Reproduce the lines below exactly, from the one containing "SAP connected car technologies" through the one containing "blueridge-parkway-poster.jpg", both included. Leave out any pictures.
*** Recorded information Section Begins ***
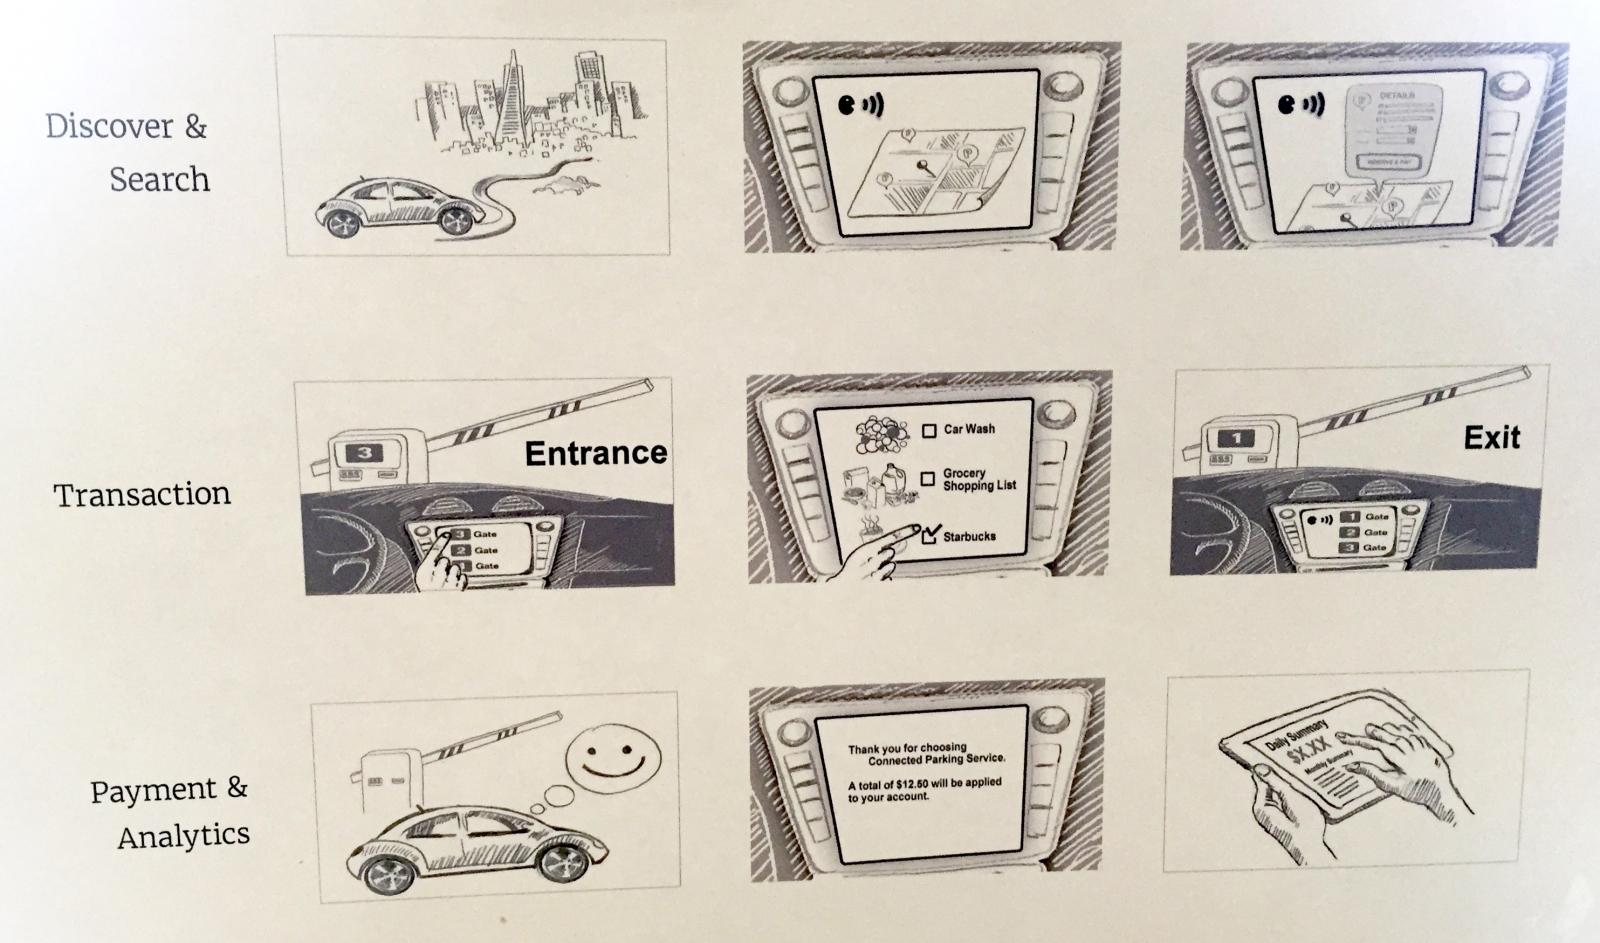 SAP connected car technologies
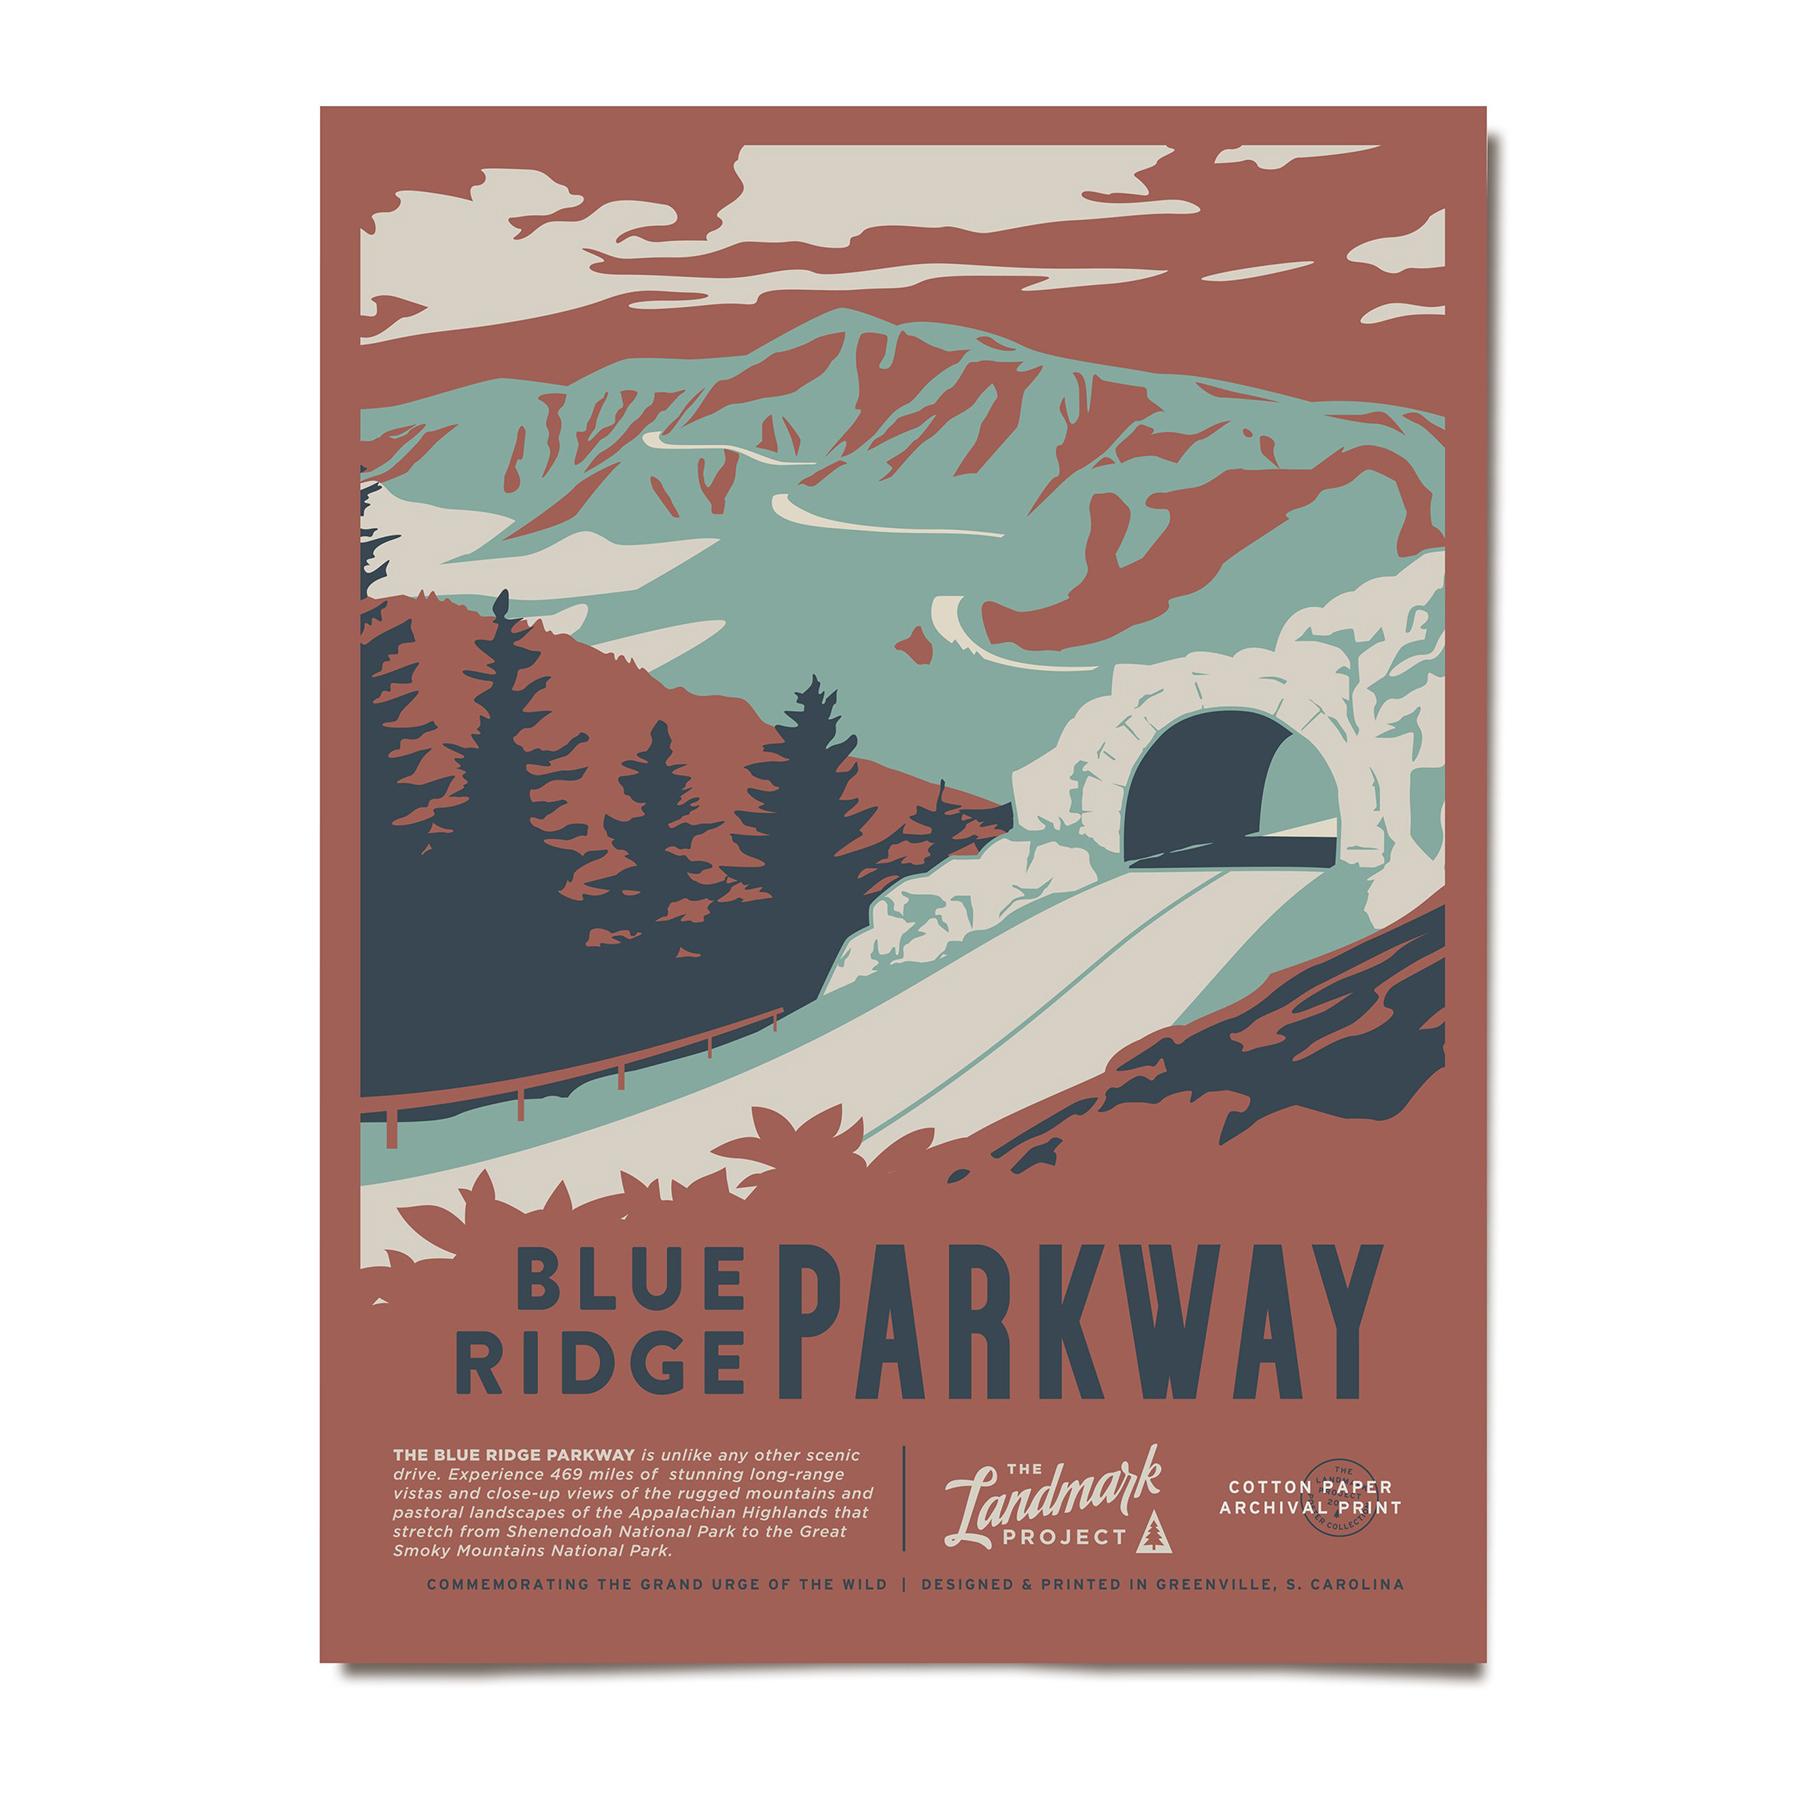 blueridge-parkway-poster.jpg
*** Recorded information Section Ends ***
*** Recorded information Section Begins ***
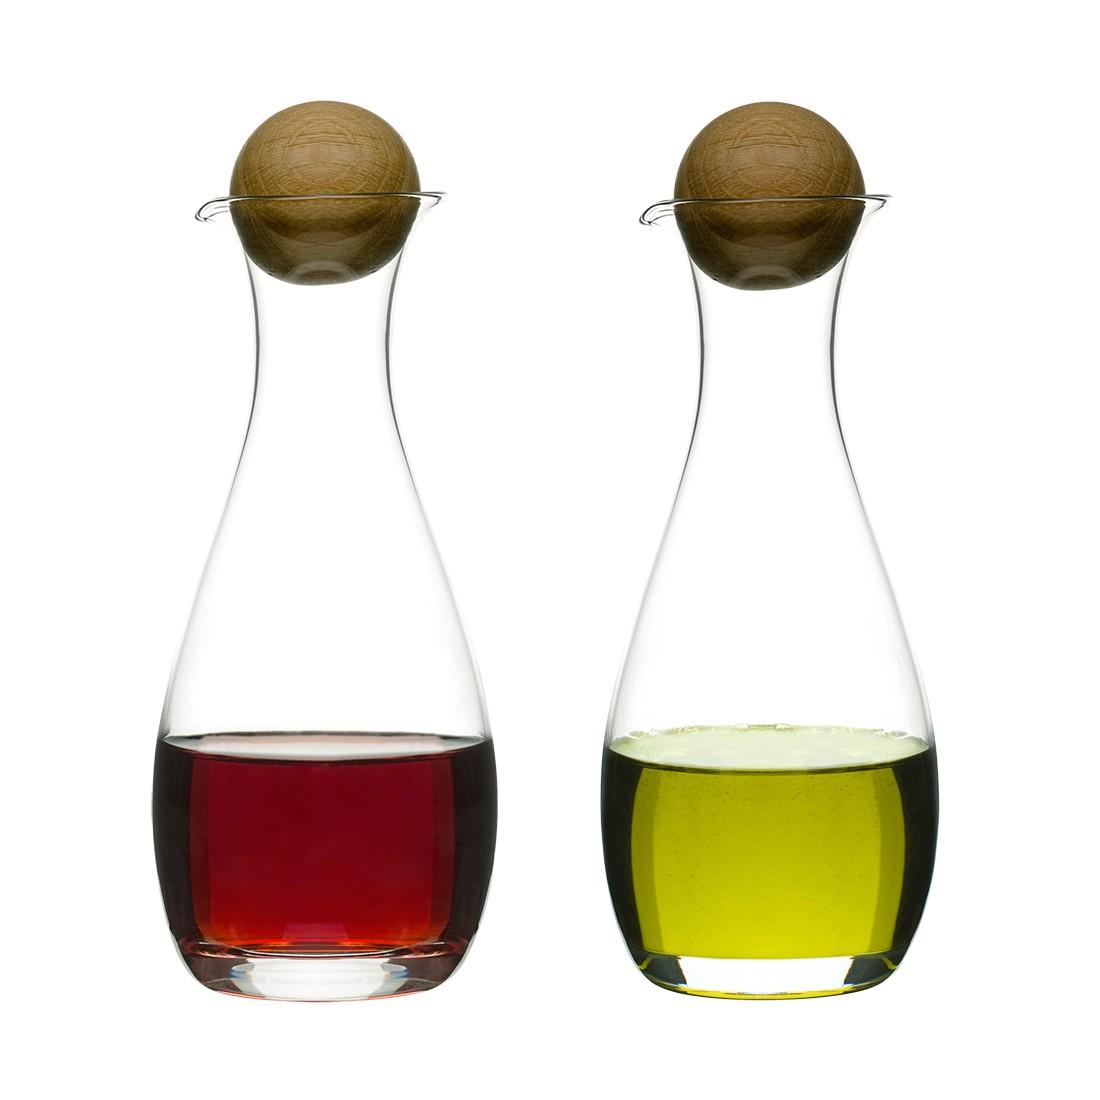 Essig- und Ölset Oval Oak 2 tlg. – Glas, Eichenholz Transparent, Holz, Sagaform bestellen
*** Recorded information Section Ends ***
• [Completed task]
 SAP connected car technologies
 blueridge-parkway-poster.jpg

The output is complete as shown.